# What will make my fry/juvies grow faster?



## coonie (May 23, 2011)

What will make my fry/juvies grow faster? i already do regular water changes...feed twice a day and keep the water around 78......i feed them crushed flake and sprulina....is there anything else that will make them grow faster? trying to grow out 4 peacock speacies to get breeding groups.


----------



## brinkles (Jan 30, 2011)

Warm up the water to 82, keep changing it, and feed them 3-4X per day if you can. 
I tried hatching brine shrimp, but found that hikari "first bites" and then NLS "grow" works just as well. Fry and juvies can supposedly have more protein than adults, and I've never had them get bloat like adult fish. 
I've gotten lazy about feeding them lately, and at 1-2X per day they're not growing as fast.


----------



## DJRansome (Oct 29, 2005)

coonie said:


> i already do regular water changes.


How often? Some fishkeepers wanting to speed fry growth do partial water changes daily and claim this is the biggest factor in growth.


----------



## Number6 (Mar 13, 2003)

In my experience, oxygen levels are one of the most frequently overlooked items on grow out systems and increasing O2 levels on those systems provides the biggest boost to growth. Frequent water changes keep the tank clean and usually boost O2, so those target two areas for improvement.


----------



## mcnerd (Dec 8, 2011)

If you ramp up water changes curious how much you change out and if you treat each time.

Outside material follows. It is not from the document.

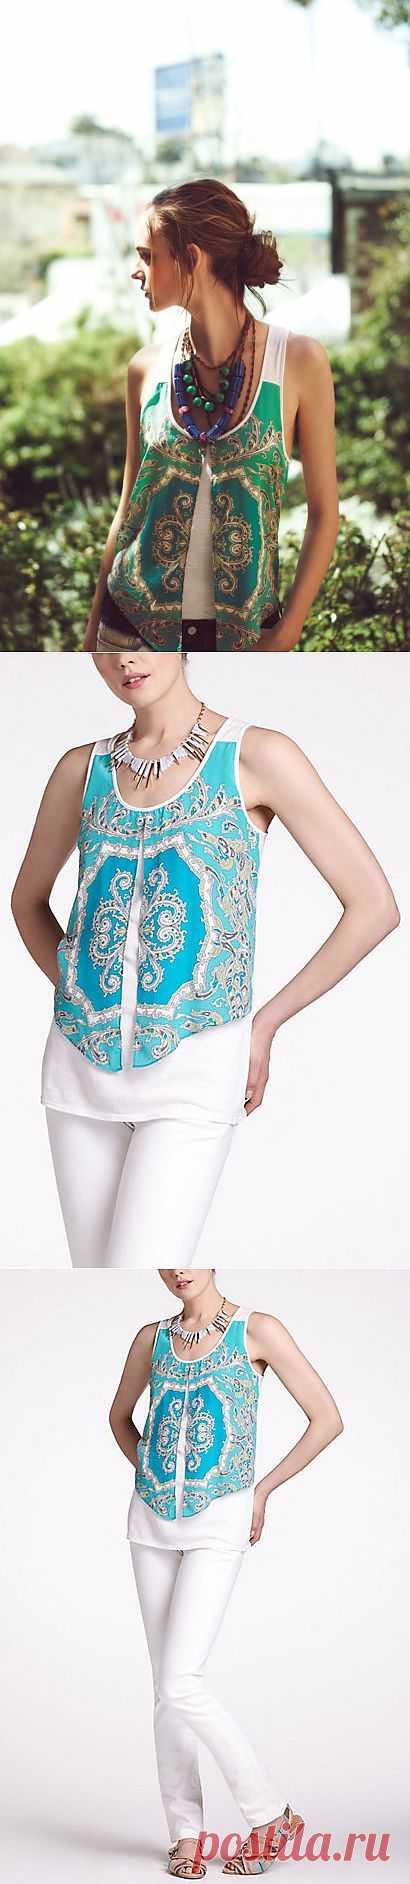 """Майка """" с платком"""" Anthropologie / Платки / Модный сайт о стильной переделке одежды и интерьера"""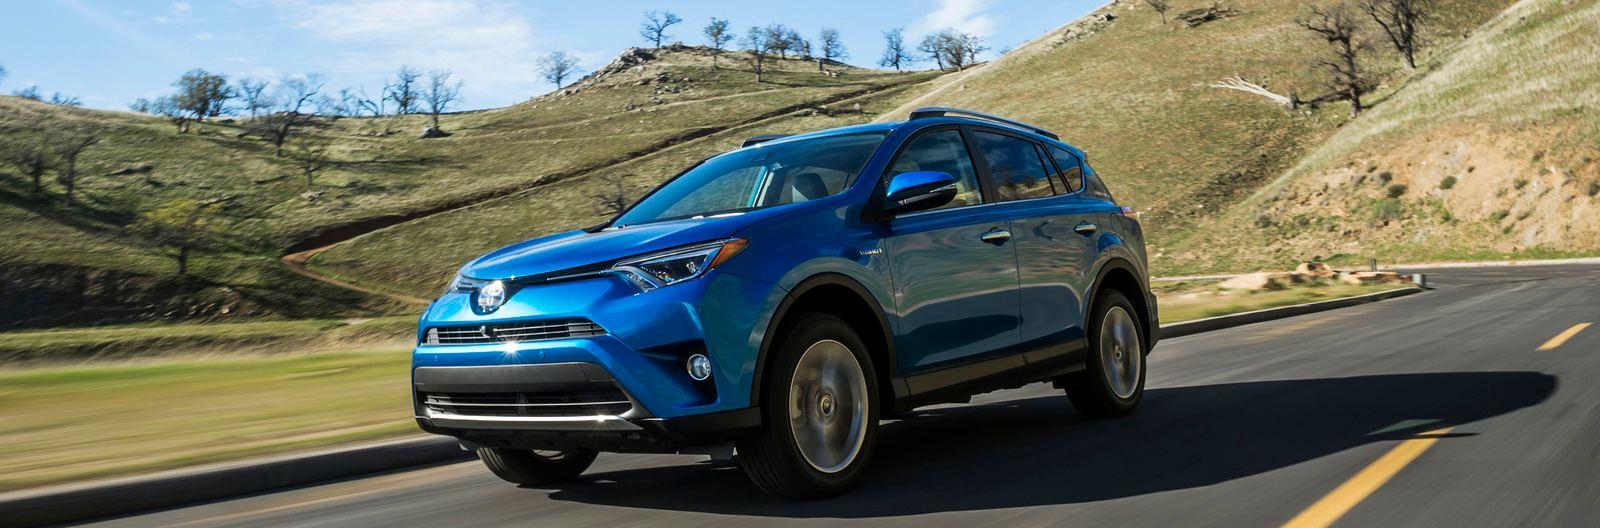 2016-Toyota-RAV4-Hybrid-1.jpg

My current routine on a a 60gal tank is this and is based on more judgement than science.

1) I remove no more than 20% of the water (keep the bacteria balance in my favor?)
2) Turn off Filter to protect bacteria in filter
3) Add cool water (have heard cold water contains more Oxygen than warm/hot, could be completely bogus)
4) About half way through filling start treating with Tetra Aquacare based on entire tank size
5) After filled for a few minutes turn back on filter system

Done.

My only concern with this process is if I did do water changes daily to increase growth I would use a ton of the water treatment and seems like that could have unintended consequences. Not to mention that stuff is not cheap.

Thoughts?


----------



## brinkles (Jan 30, 2011)

The bacteria aren't in the water, so no worries there. You don't want to shock them with temp, so try to match it. Treat with Prime, dosed for the whole tank, when you start filling. It only takes 2 drops prime/gallon, so it goes a long way. I change about 100 gallons a week, and a big bottle lasts months.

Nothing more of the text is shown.